Several days before that Time Magazine issue would have showed up in our rural mailbox, a summary of Yalta is now, finally, to be broadcast~~thus my parents are “listening to the news in the middle of the day” and now they hear it: Eastern Europe is legally… internationally…intentionally… officially… abandoned. Now they learn that during the very same hours in 1945 that Polish soldiers had been cheered as liberators in the streets of Italy’s Piedimonte, Ancona and Bologna…their homeland had been signed away to the Soviets. Now they know that the plight of East Germany is open-ended. Now they know that Stalin actually did get away with murder. (Gen. Władysław Anders and Gen. Harold Aleksander are talking in a Polish camp in Italy amid soldiers from the 2nd Polish Corps, 1945)
Their worst fears are confirmed…and my brother and I understand nothing. As the broadcast ends, the two of us are still standing there as Dad grimly goes down the stairs and silently returns to his farm chores.
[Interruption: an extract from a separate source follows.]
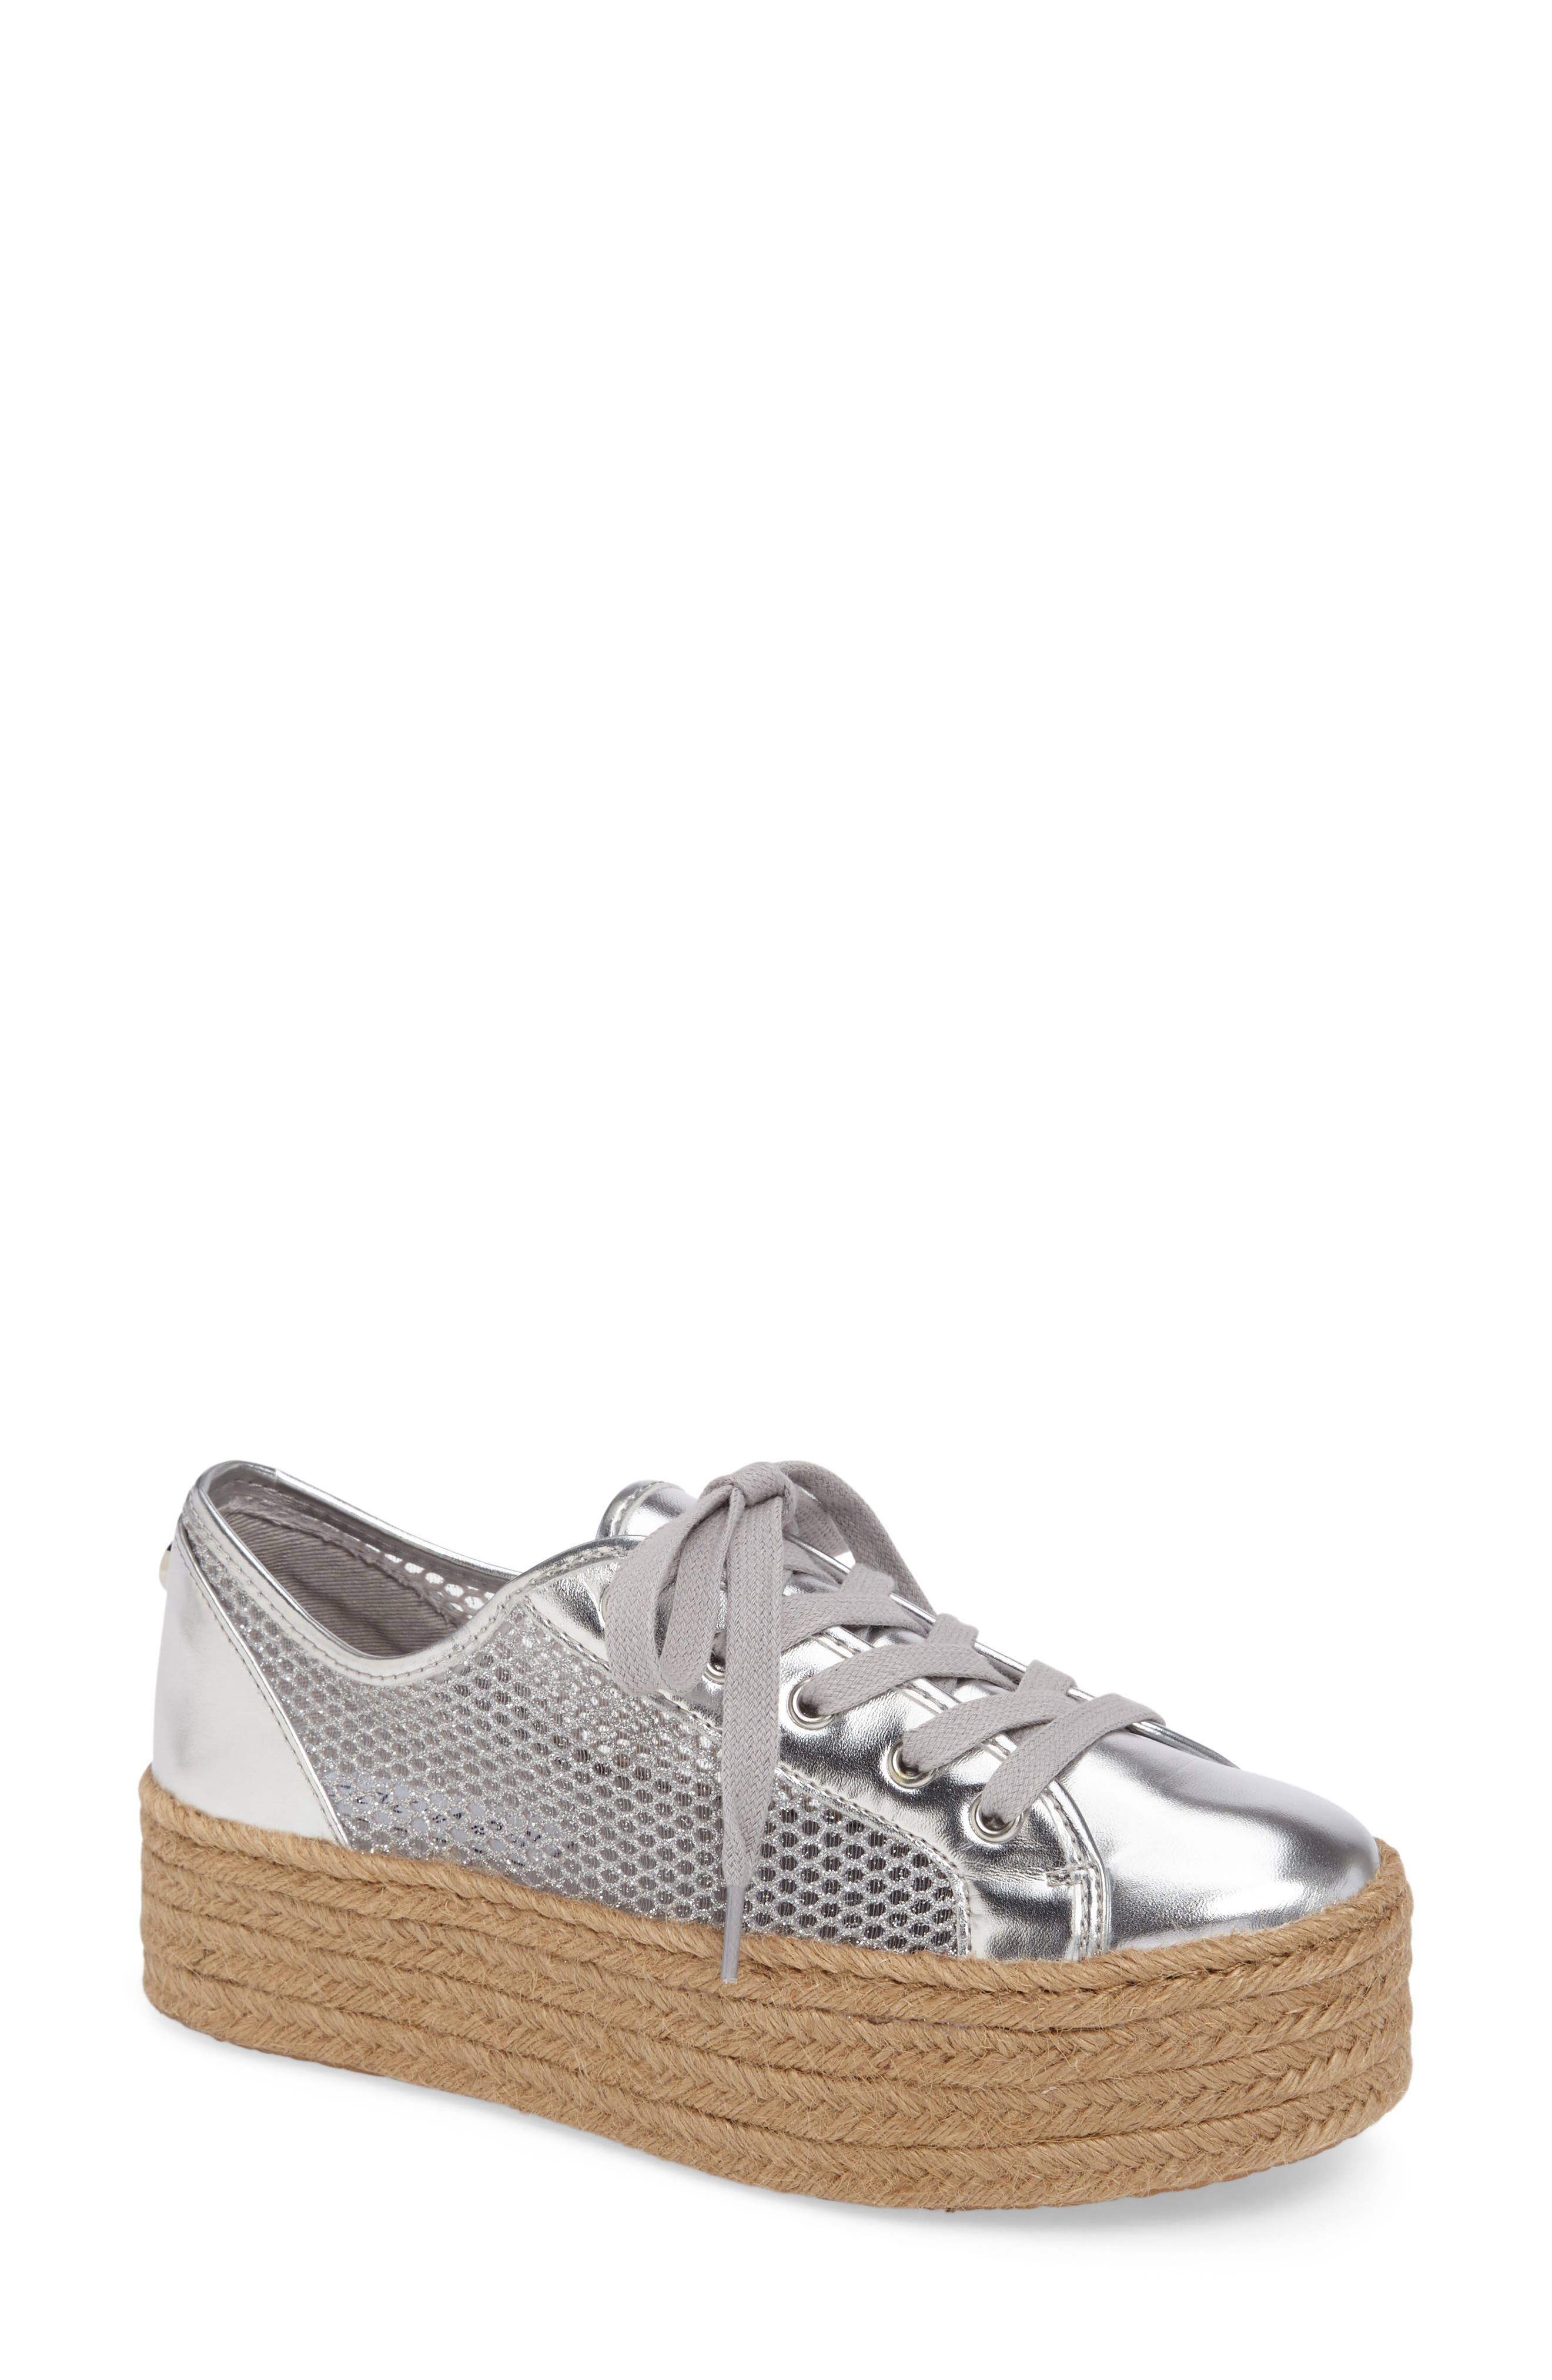 Mars Platform Sneaker,                             Main thumbnail 1, color,                             Silver

The screen door at the bottom of the stairs closes behind him and Mom snaps at us, “We’ve waited years to hear about Yalta and then you had to make noise!”
The harshness of her comment stuck with me. All I had remembered from that day was “We’ve waited years to hear about Yalta….” As an adult I had pieced together the historical events, but not until this past week did I go back and put it all in the context of her Mailboxes and Old Barns and now I see what happened: She was wondering….how many more lies? She was tired. She was angry. And she was afraid.
We aren’t the first generation to walk with a certain courage, but get worn out anyway;
we aren’t the first generation to have bad memories of things gone wrong;
we aren’t the first generation to be lied to by national leaders;
we aren’t the first generation to be sickened by confirmation of things we already know;
we aren’t the first generation to feel fear and anger because of these things;
but by the grace of God, neither will we be the first generation to fail to fight for what is good and true and right.